DATA EXCERPT:
_____
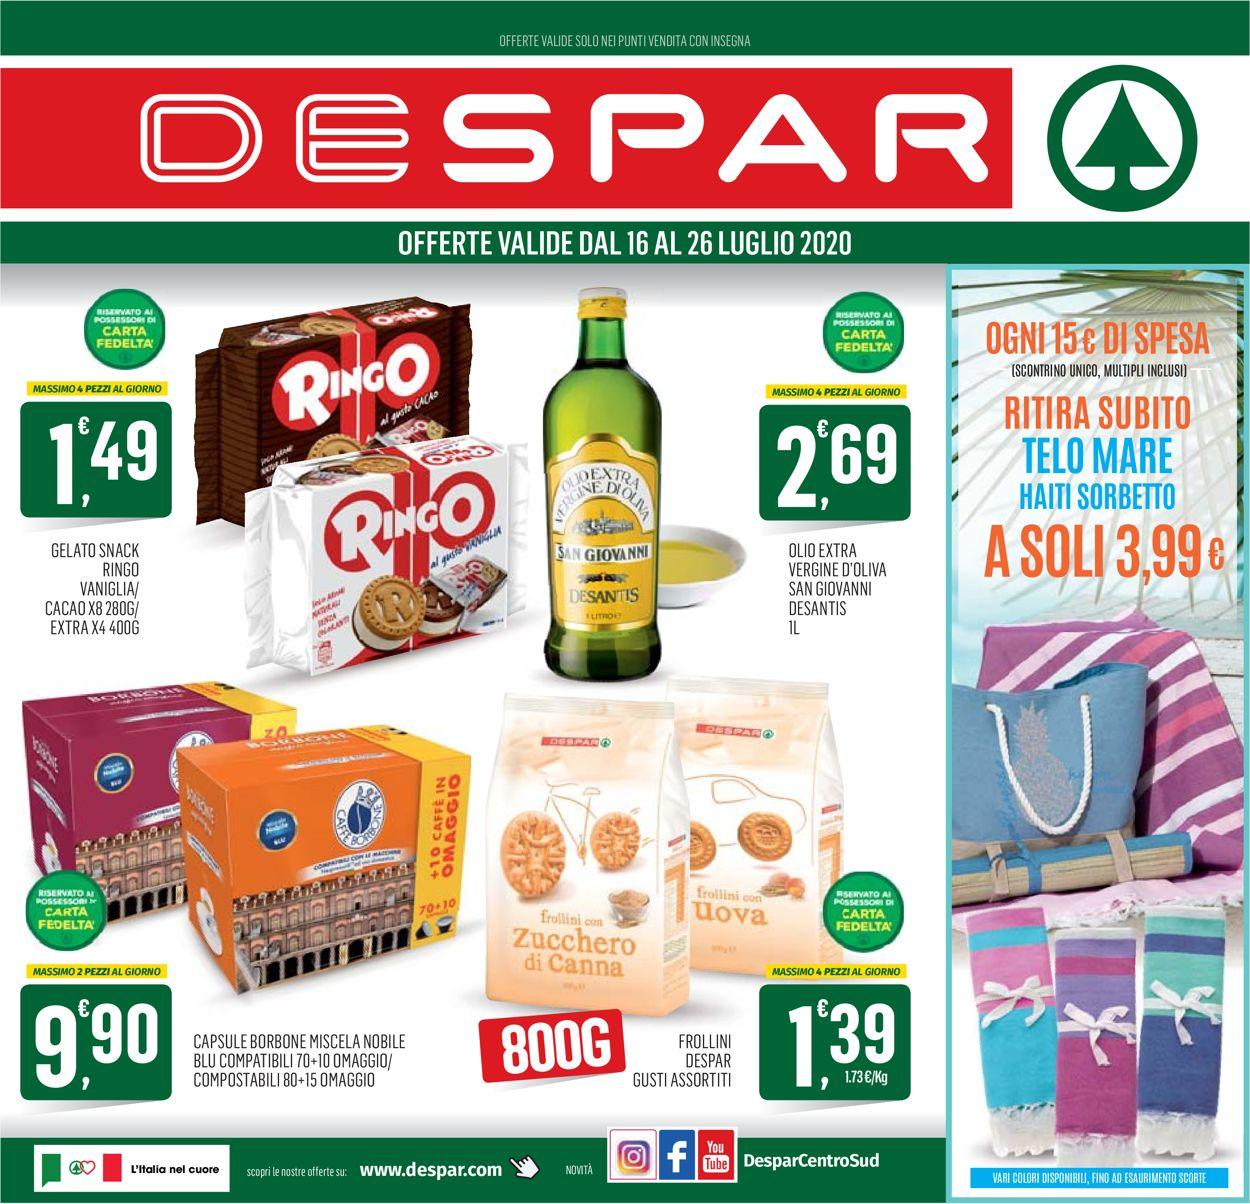 Volantino Despar - Offerte 16/07-26/07/2020
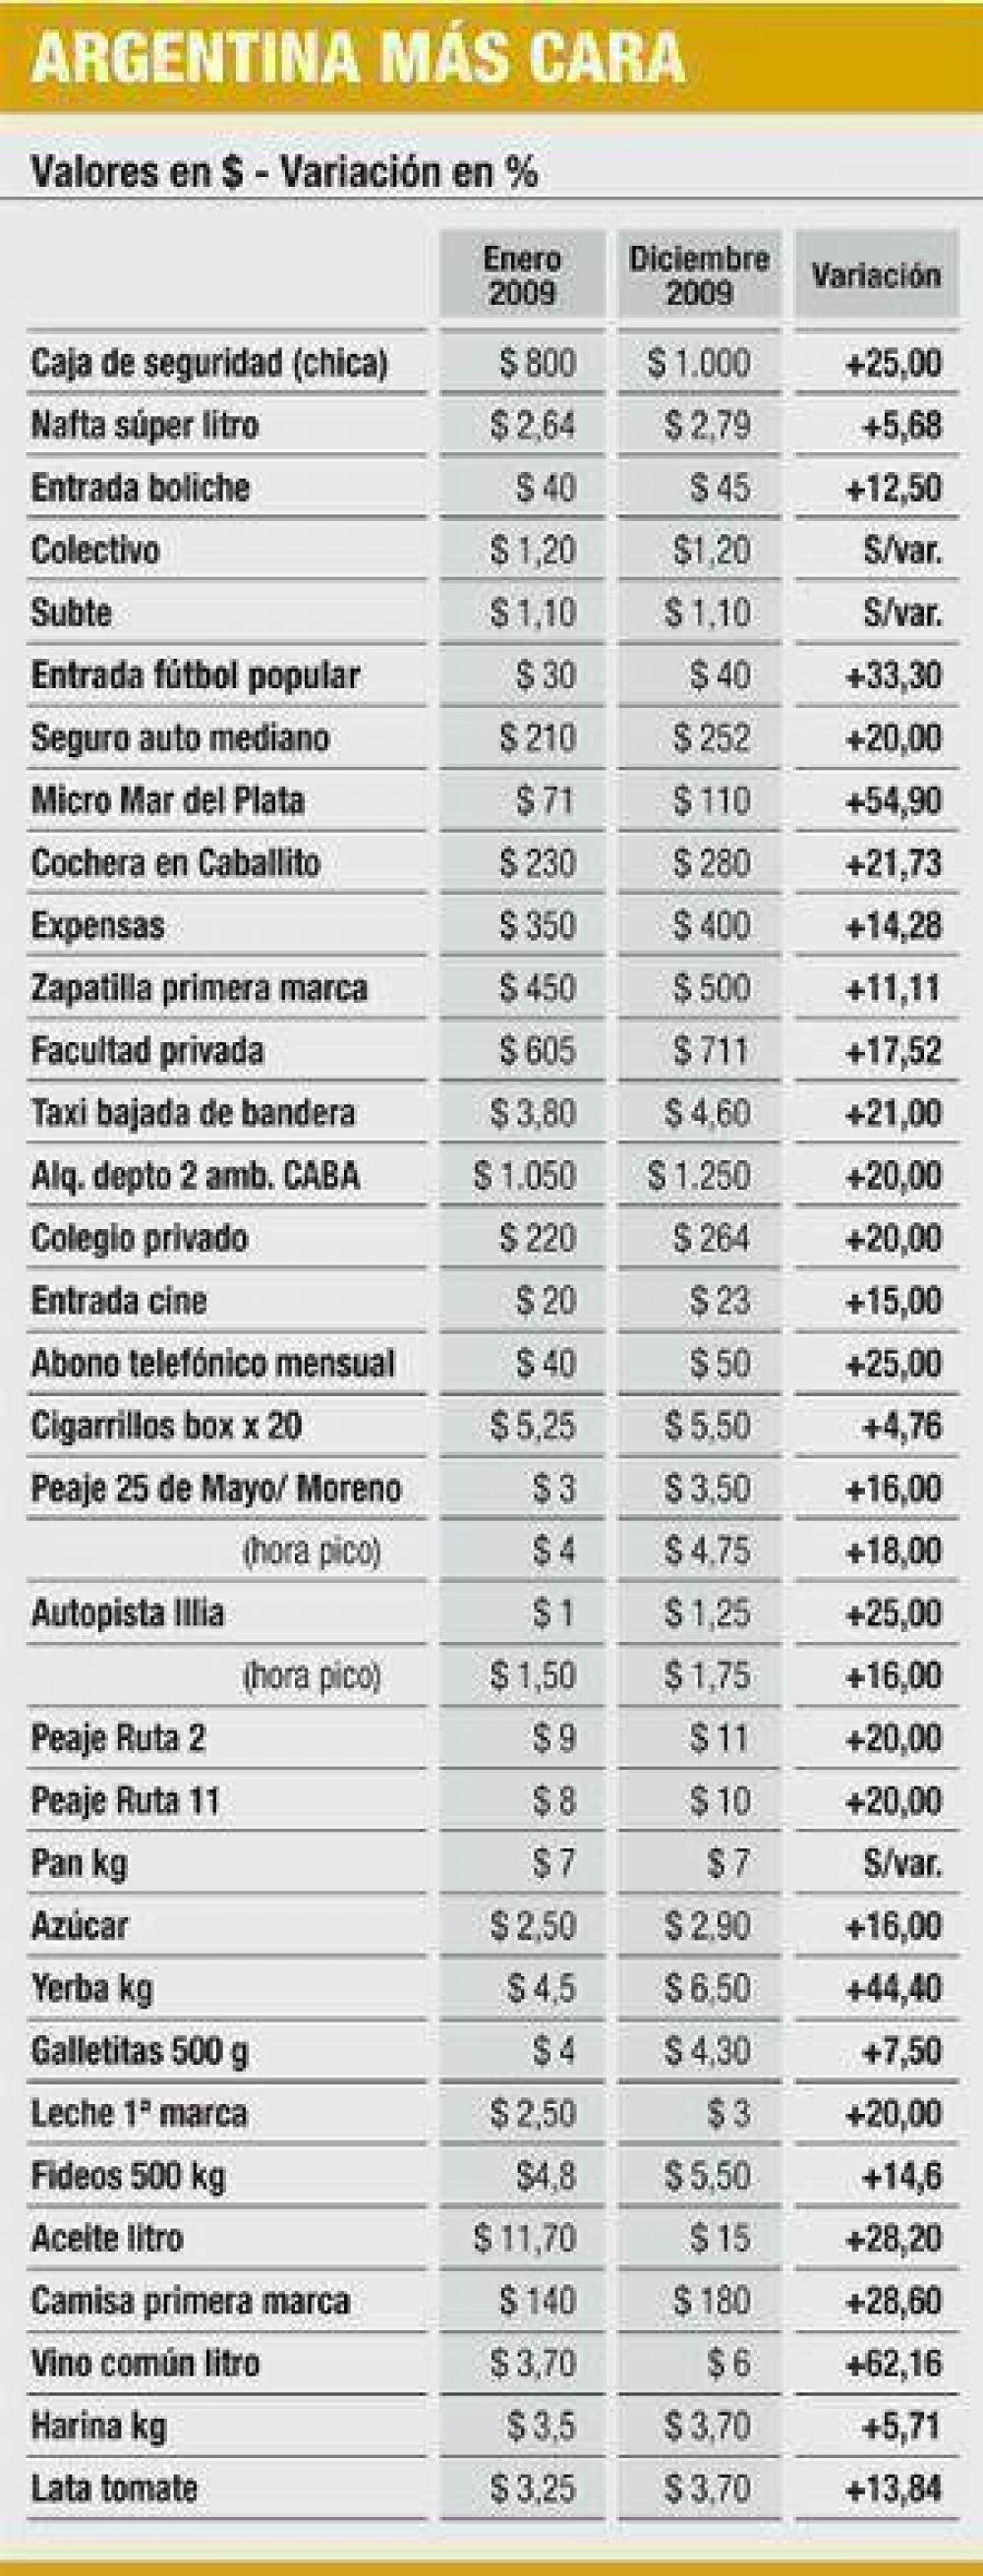 El país que no mide Moreno es un 30% más caro en un año
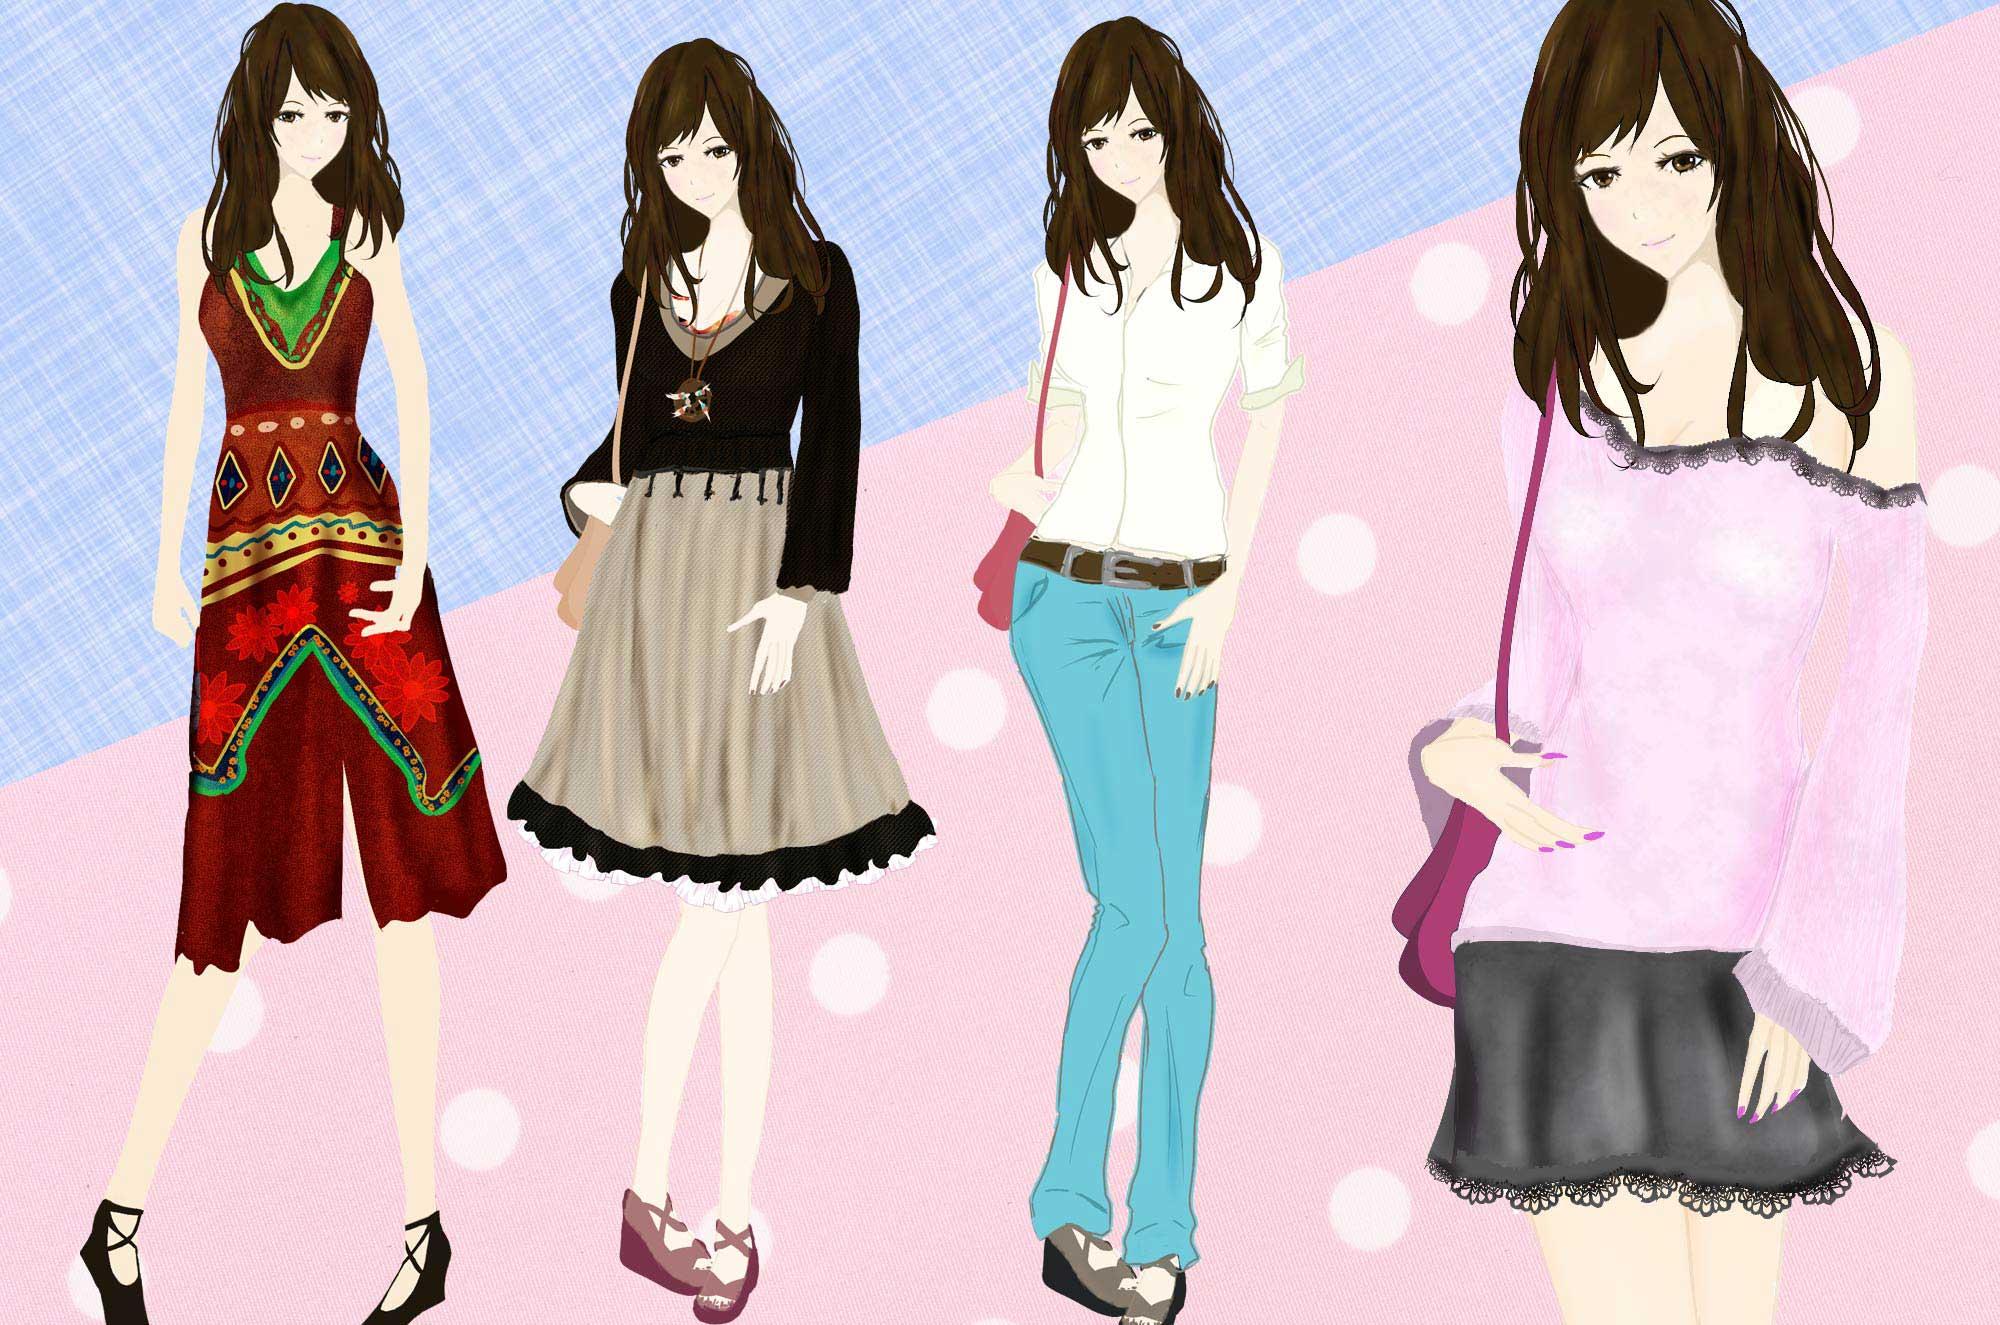 ファッションイラスト , 可愛い服のデザイン無料素材
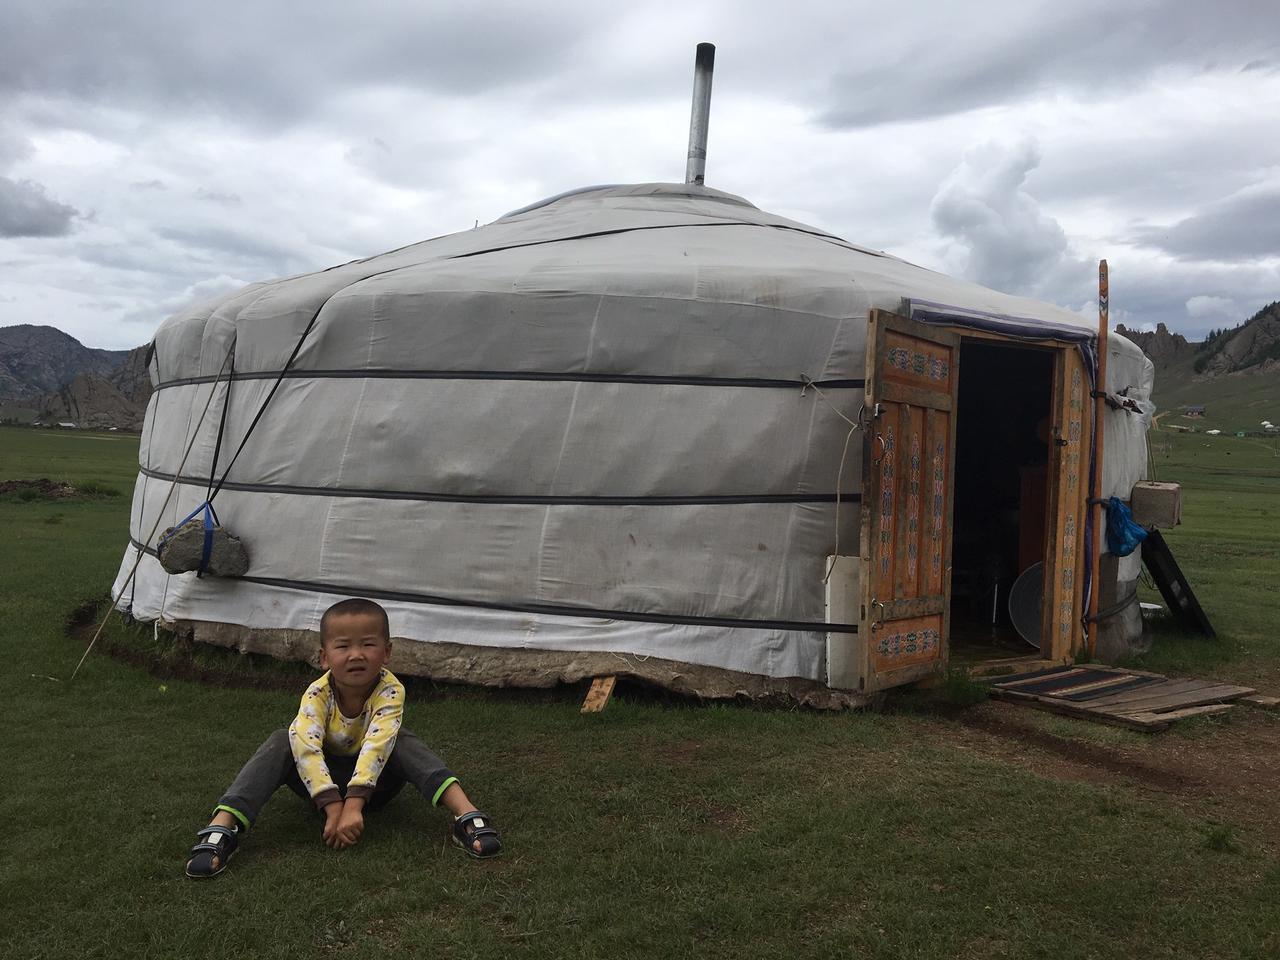 画像: 遊牧民の子とゲル(イメージ)/スタッフ撮影
_____
EXERCISE AIM:
Repeat the material exactly and drop each image.

EXERCISE RESPONSE:
 Volantino Despar - Offerte 16/07-26/07/2020
 El país que no mide Moreno es un 30% más caro en un año
 ファッションイラスト , 可愛い服のデザイン無料素材
 画像: 遊牧民の子とゲル(イメージ)/スタッフ撮影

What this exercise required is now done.